Question

Find the sum of the first 200 natural numbers.

Answer 1

Hint – In order to solve this problem we need to consider numbers from 1 to 200 as an AP and then use the formula of sum of an AP whose last term is given and then you will get the right answer to this problem.

Complete step-by-step answer:
We need to find the sum of the first 200 natural numbers.
So the series of natural numbers is 1, 2, 3,……….200.
 Here the first term a is 1.
Common difference d is also 1 clearly.
Last term( l ) is 200.
Number of terms is also 200.
We know the sum of n terms of an AP can be written as ${\text{S}}_{\text{n}}\text{ = }{\displaystyle \frac{\text{n}}{\text{2}}}\text{(a + l)}$.
On putting the value we get,
 $$\begin{gathered} {\text{S}}_{200}={\displaystyle \frac{200}{2}}(1+200) \\ {\text{S}}_{200}=100(201) \\ {\text{S}}_{200}=20100 \end{gathered}$$
Hence, the answer to this question is 20100.

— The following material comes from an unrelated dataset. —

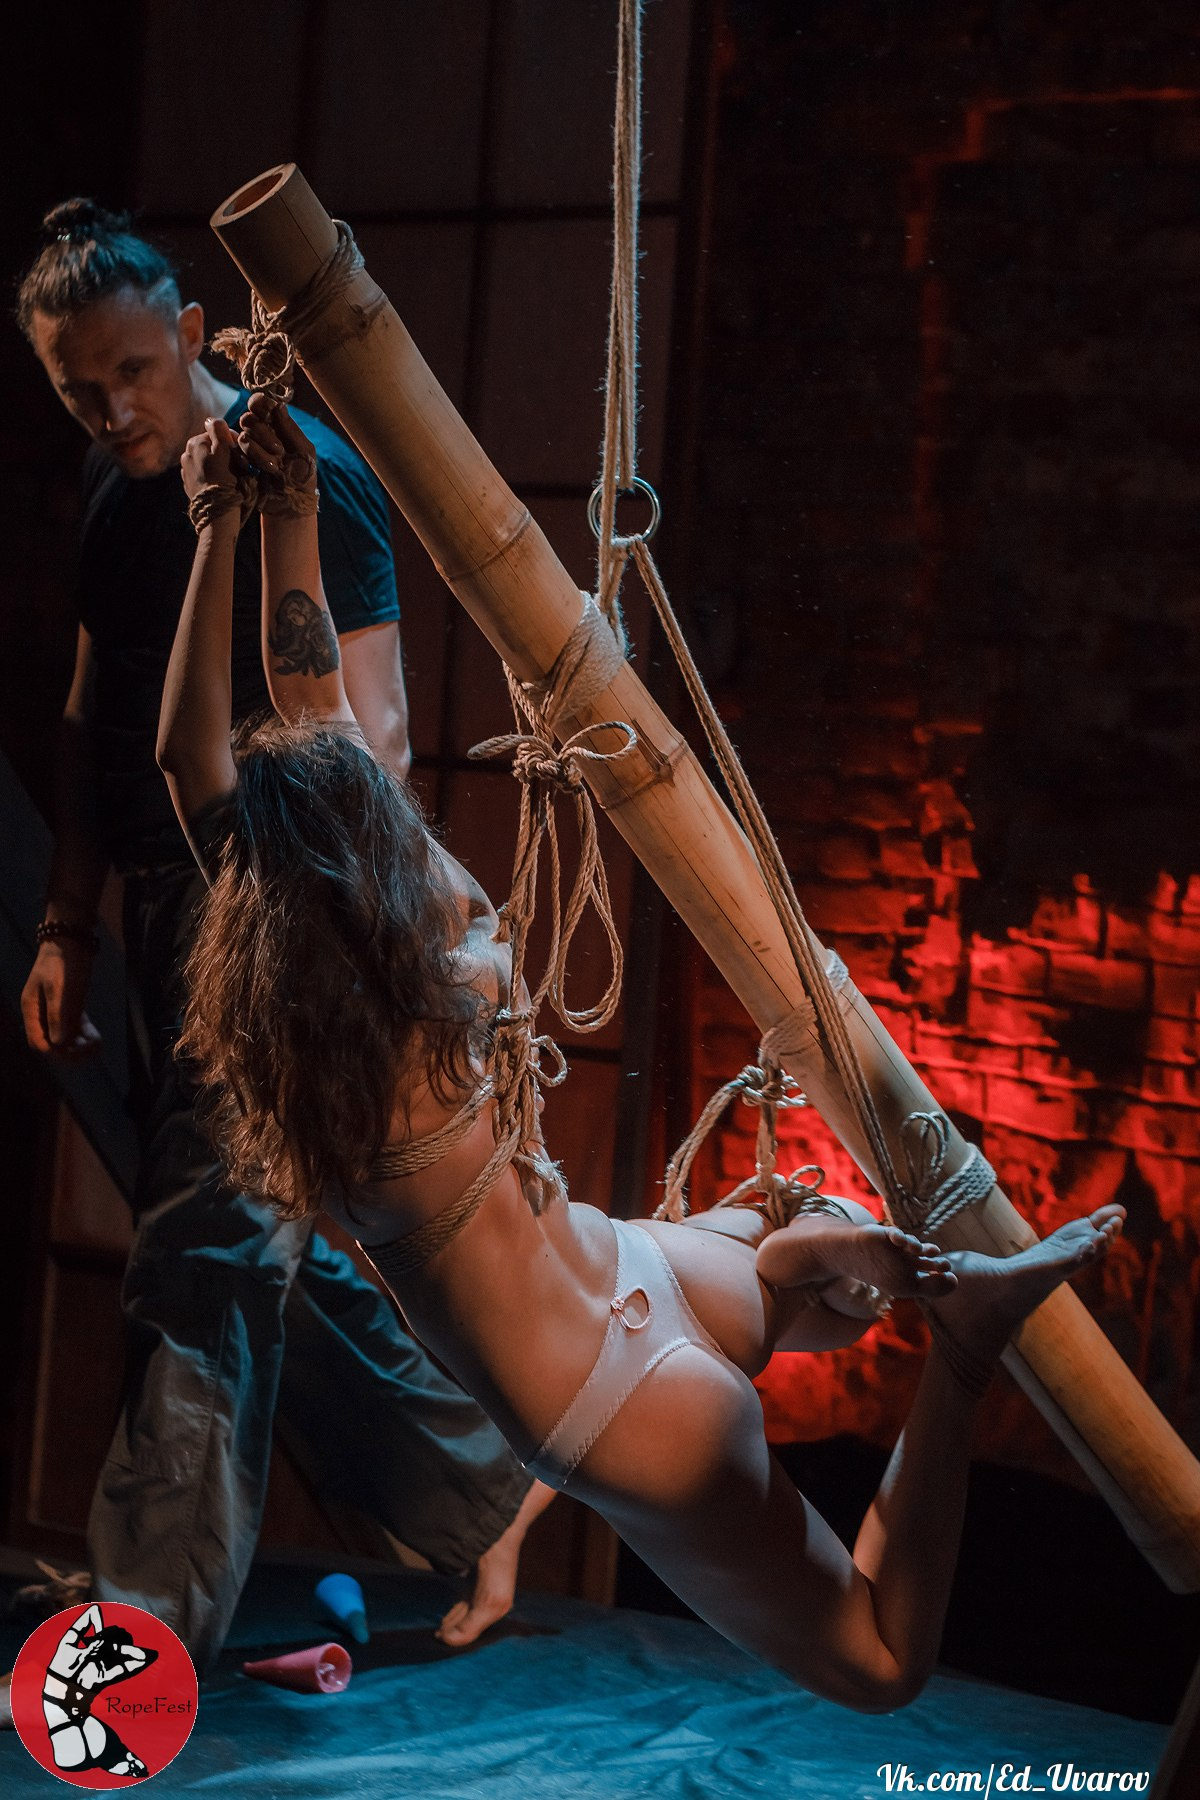 Rope Fest Peterburg 2018. Bondage: Mosafir. Photo by Ed Uvarov

Note – In this problem you need to consider the series from 1 to 200 as an AP and use the formula of sum of 200 terms of an AP. Doing this and solving algebraically you will get the right answer. You can also use the formula of sum as ${\text{S}}_{\text{n}}\text{ = }{\displaystyle \frac{\text{n}}{\text{2}}}\text{(2a + (n - 1)d)}$ using this also you will get the right answer.